» **Input**
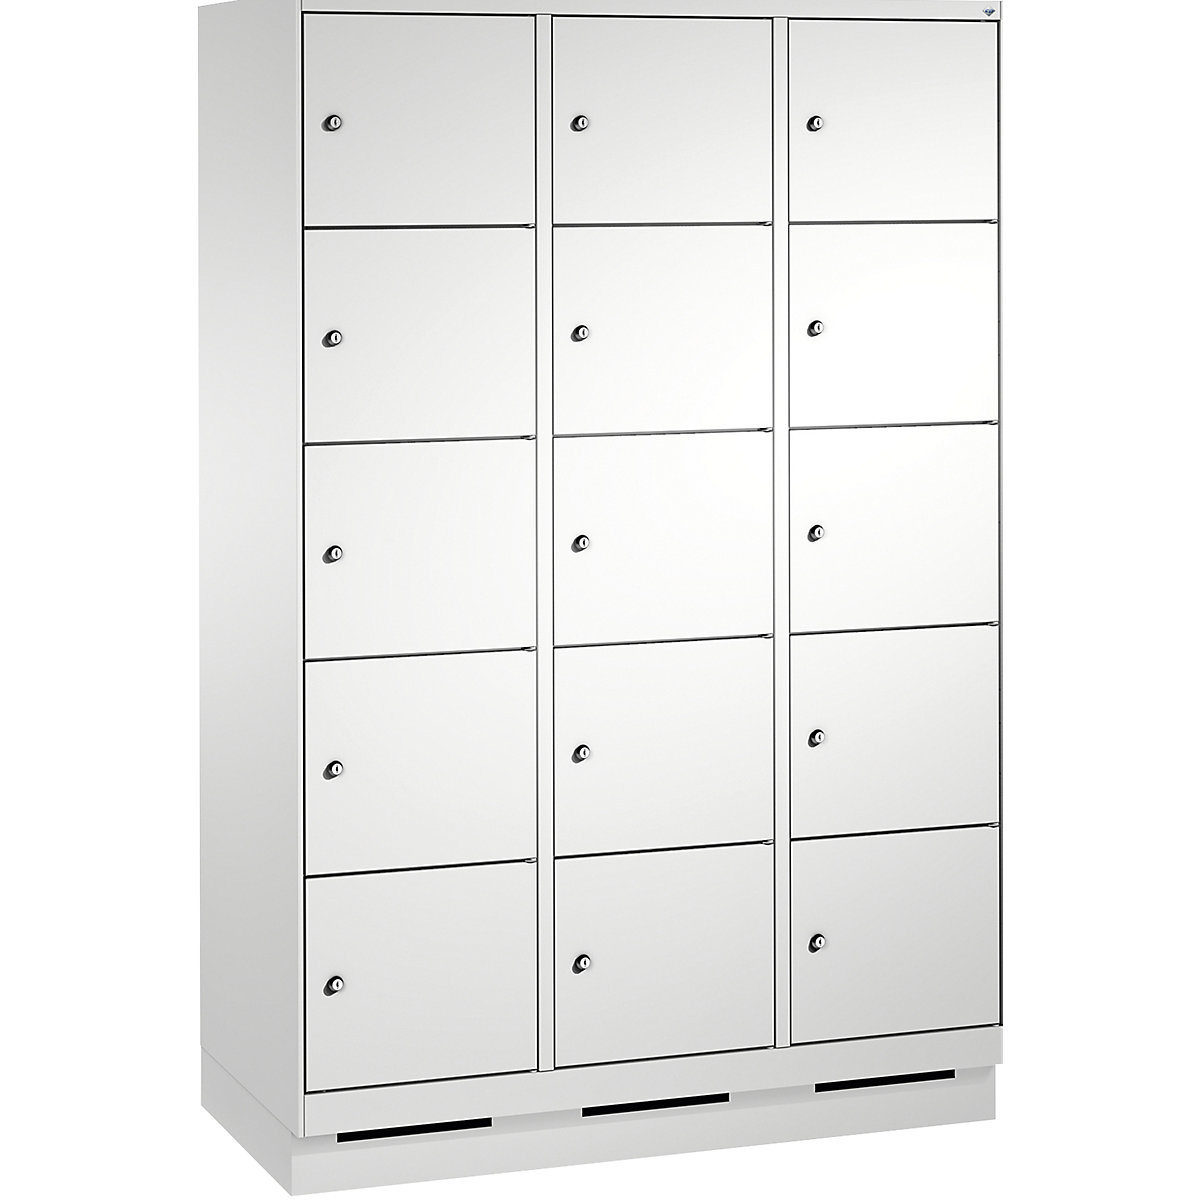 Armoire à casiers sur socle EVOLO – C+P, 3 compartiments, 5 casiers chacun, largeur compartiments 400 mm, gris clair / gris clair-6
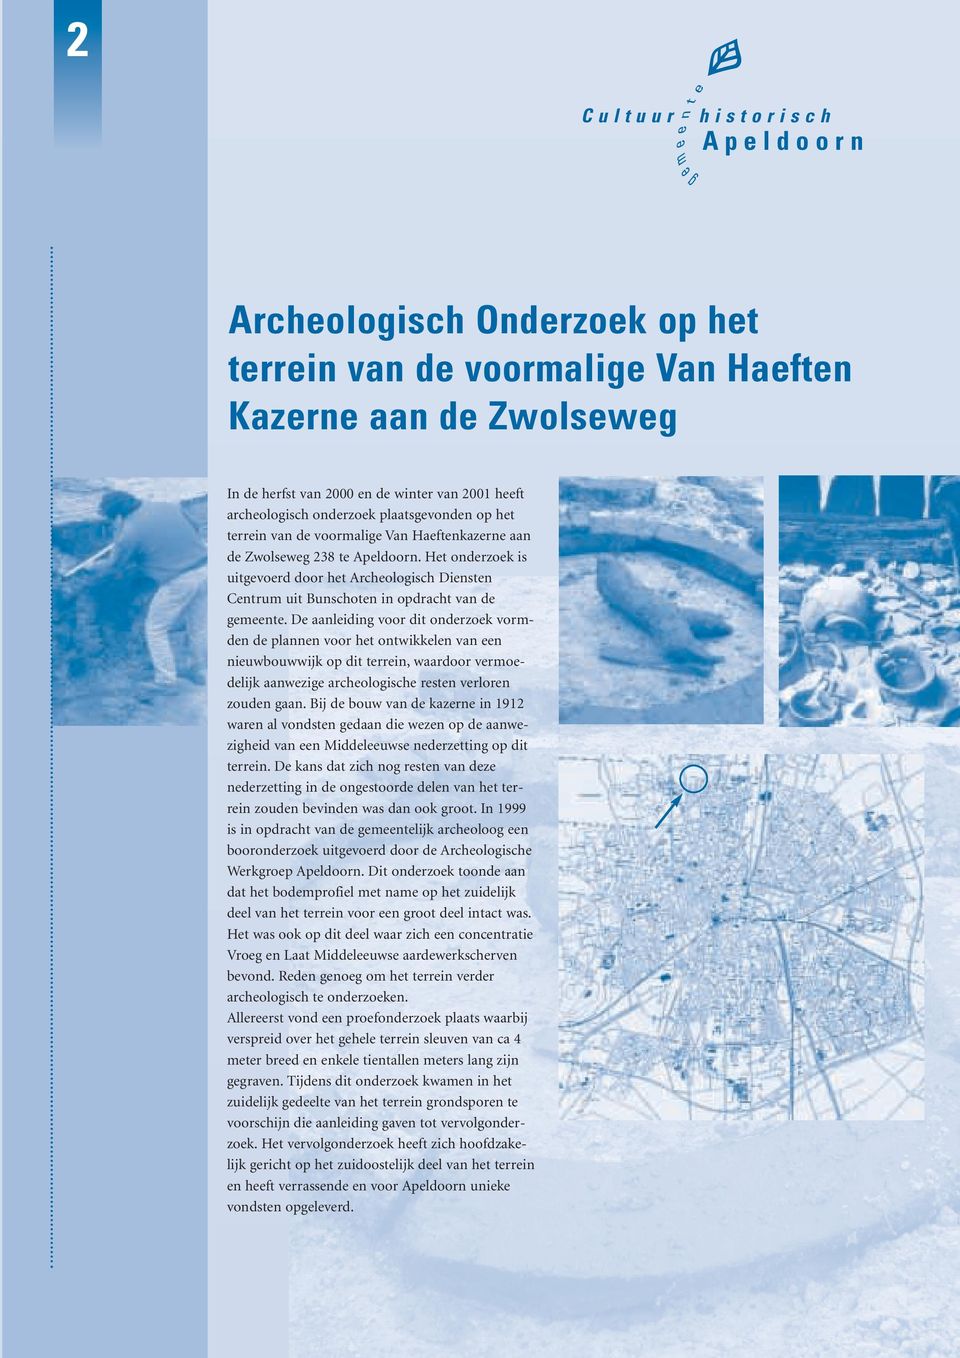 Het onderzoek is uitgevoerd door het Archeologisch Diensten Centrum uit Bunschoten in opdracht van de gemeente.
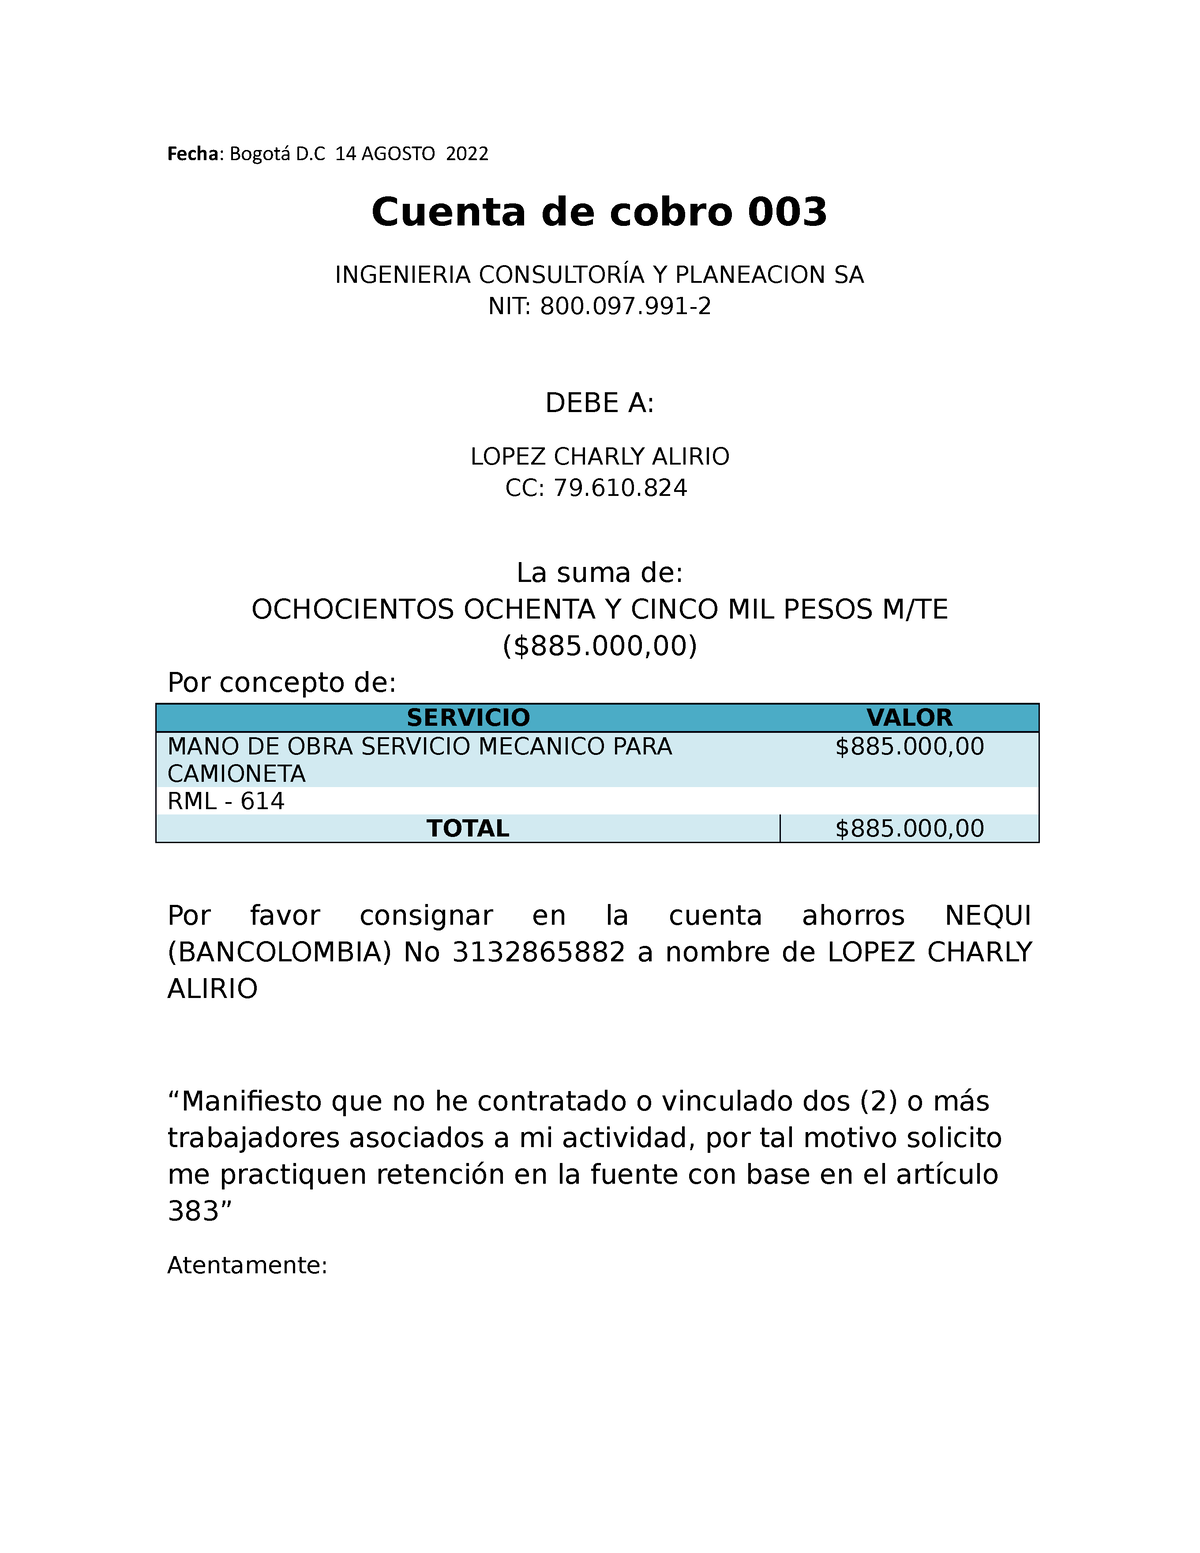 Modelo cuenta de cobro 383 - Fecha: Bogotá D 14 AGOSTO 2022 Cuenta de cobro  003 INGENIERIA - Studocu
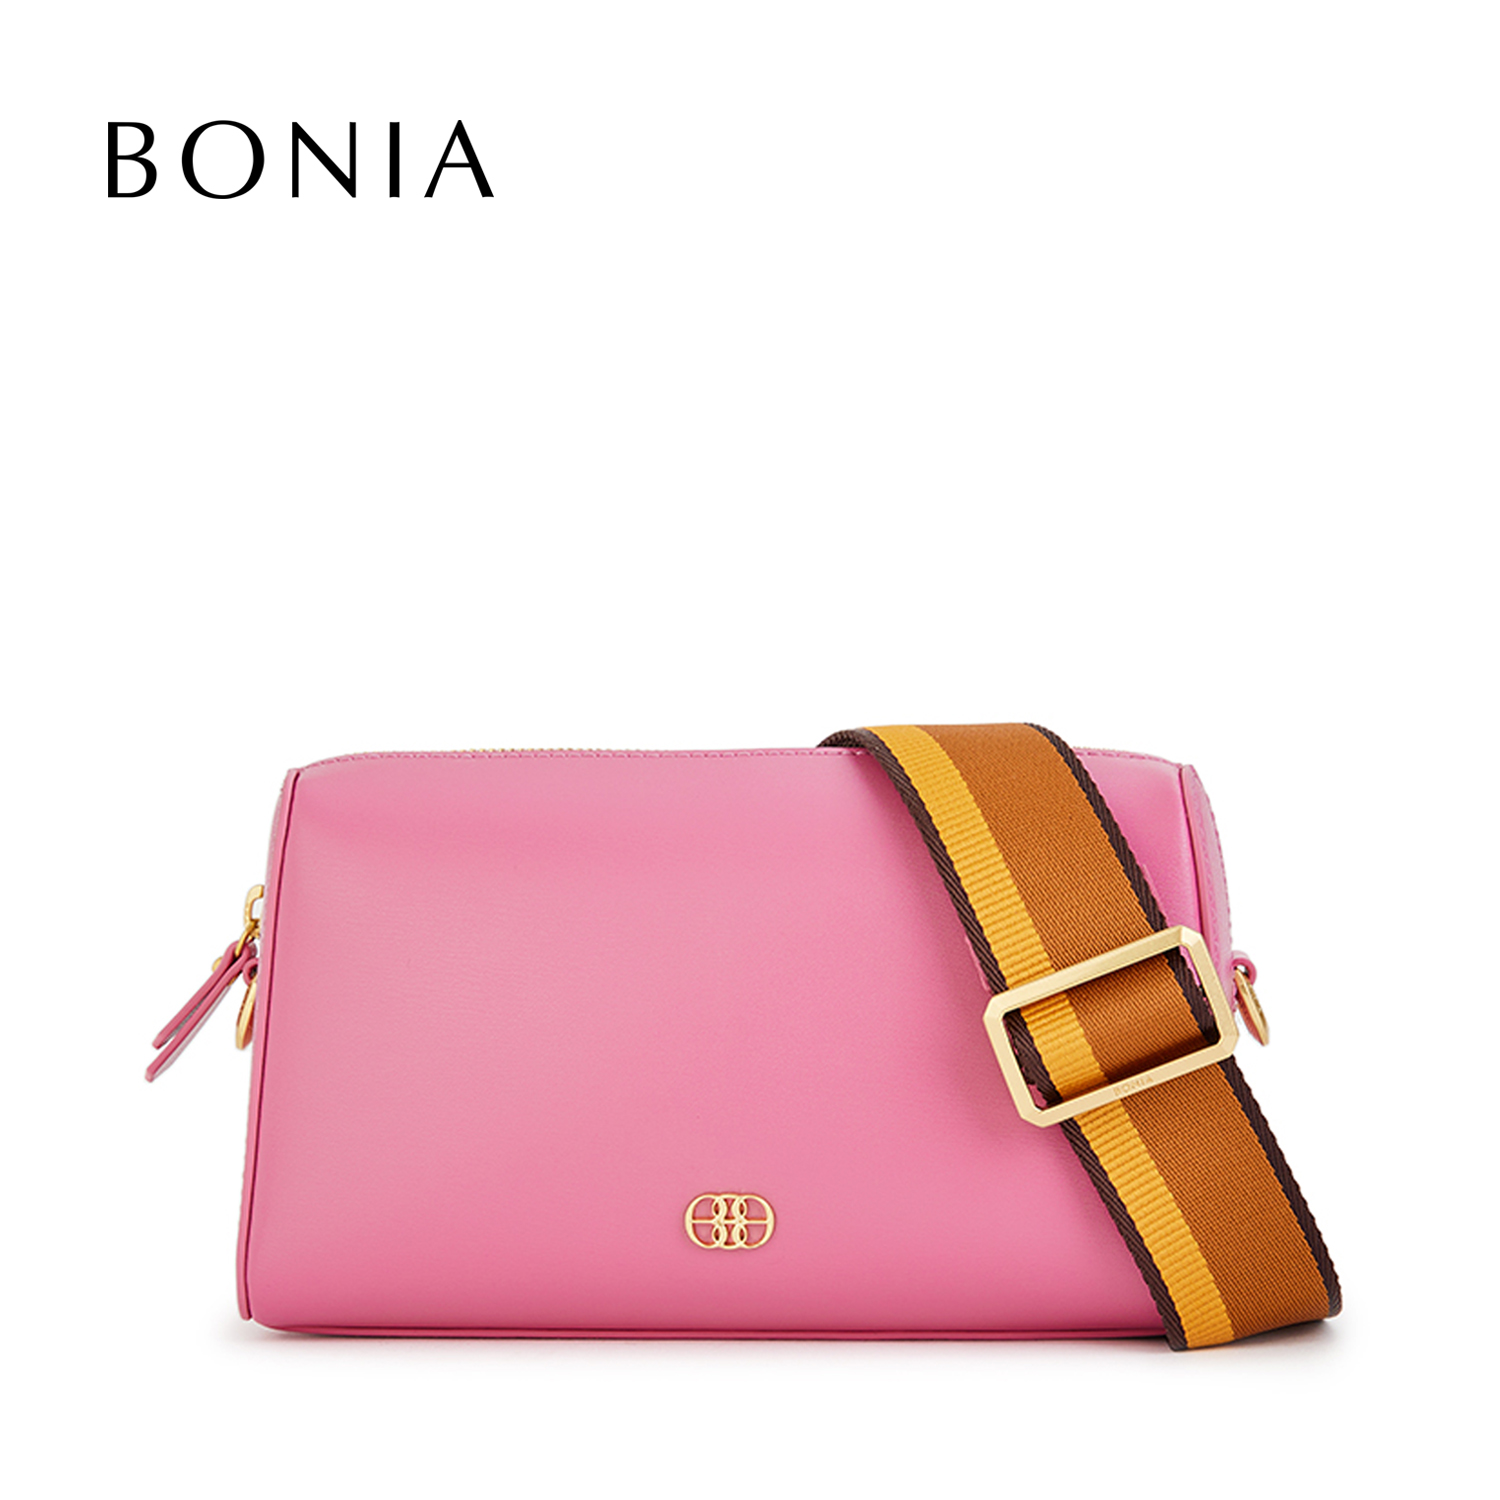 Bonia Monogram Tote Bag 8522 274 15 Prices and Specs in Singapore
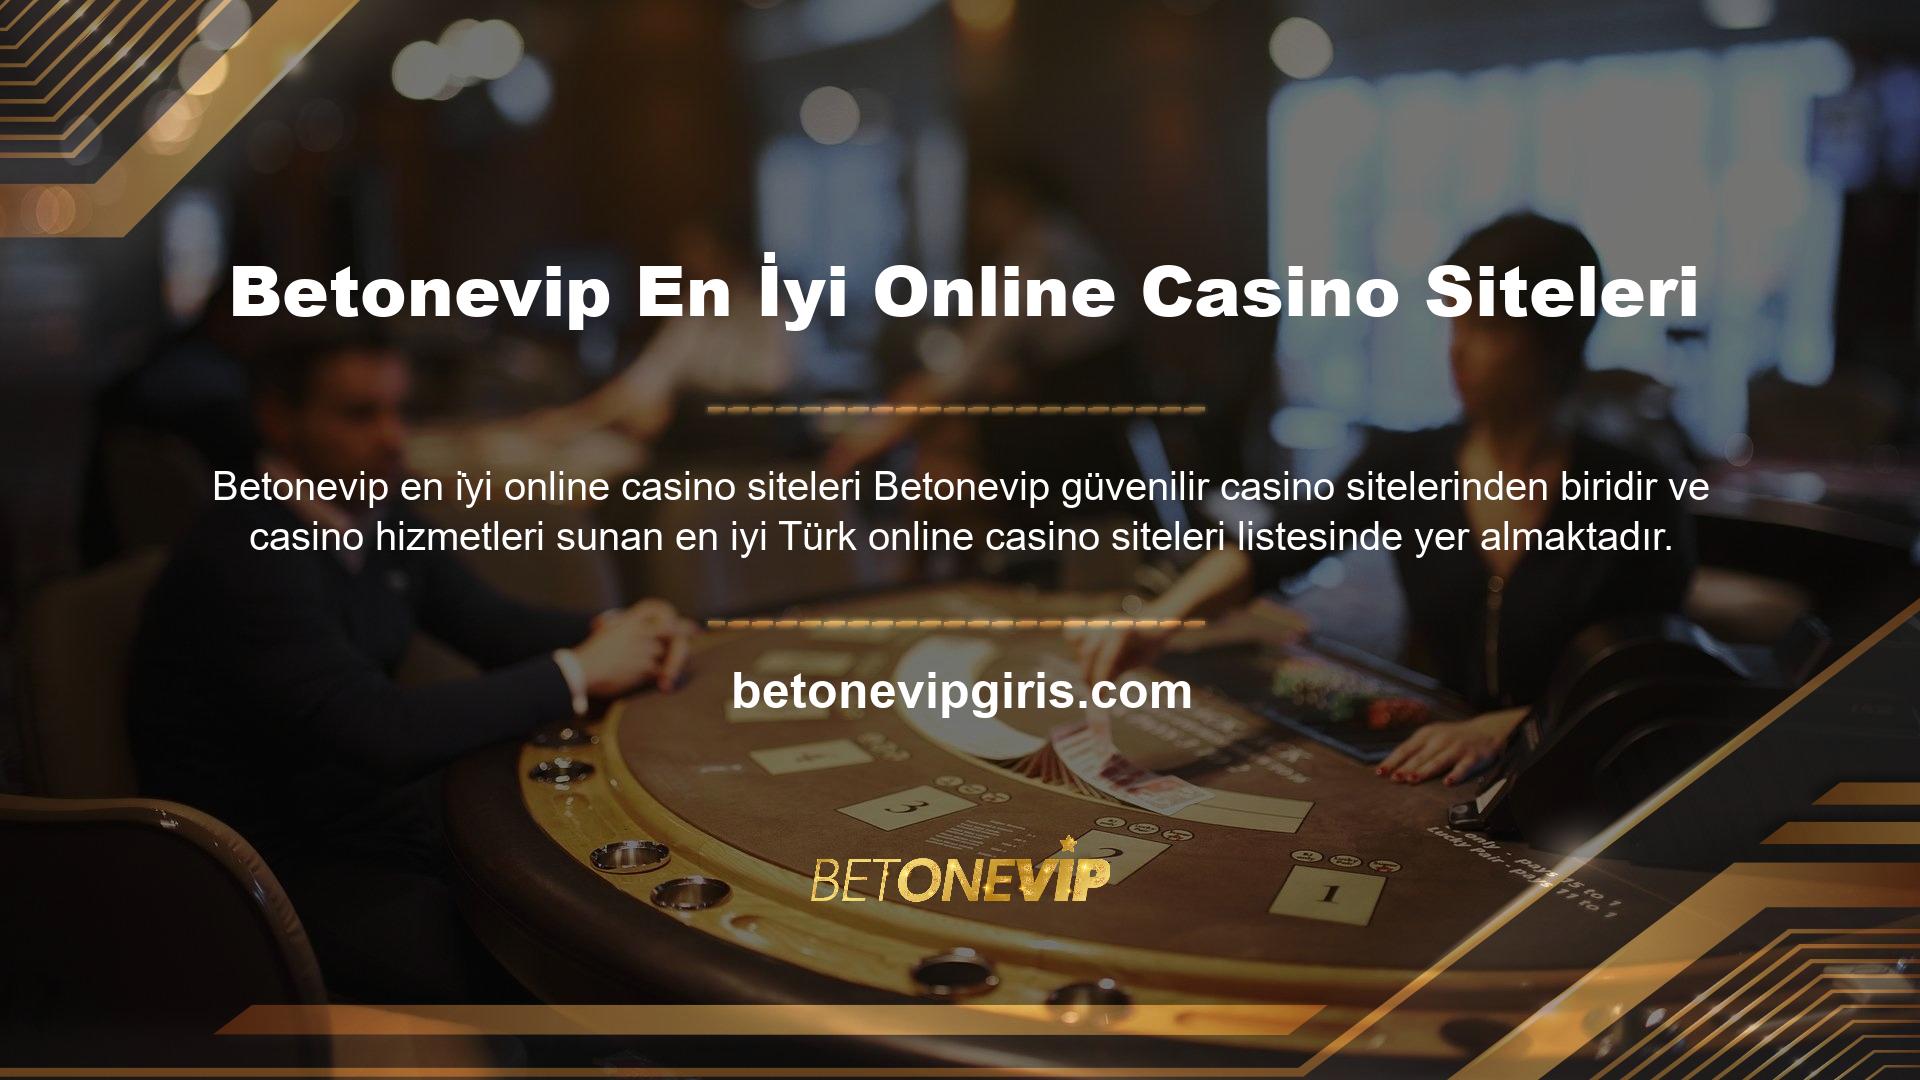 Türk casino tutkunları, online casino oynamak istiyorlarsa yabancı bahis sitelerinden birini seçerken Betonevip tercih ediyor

» **Task brief**
Return all of the data exactly as written, and drop the pictures.

» **Answer**
 Armoire à casiers sur socle EVOLO – C+P, 3 compartiments, 5 casiers chacun, largeur compartiments 400 mm, gris clair / gris clair-6
 Het onderzoek is uitgevoerd door het Archeologisch Diensten Centrum uit Bunschoten in opdracht van de gemeente.
 Modelo cuenta de cobro 383 - Fecha: Bogotá D 14 AGOSTO 2022 Cuenta de cobro  003 INGENIERIA - Studocu
 Bonia Monogram Tote Bag 8522 274 15 Prices and Specs in Singapore
 Türk casino tutkunları, online casino oynamak istiyorlarsa yabancı bahis sitelerinden birini seçerken Betonevip tercih ediyor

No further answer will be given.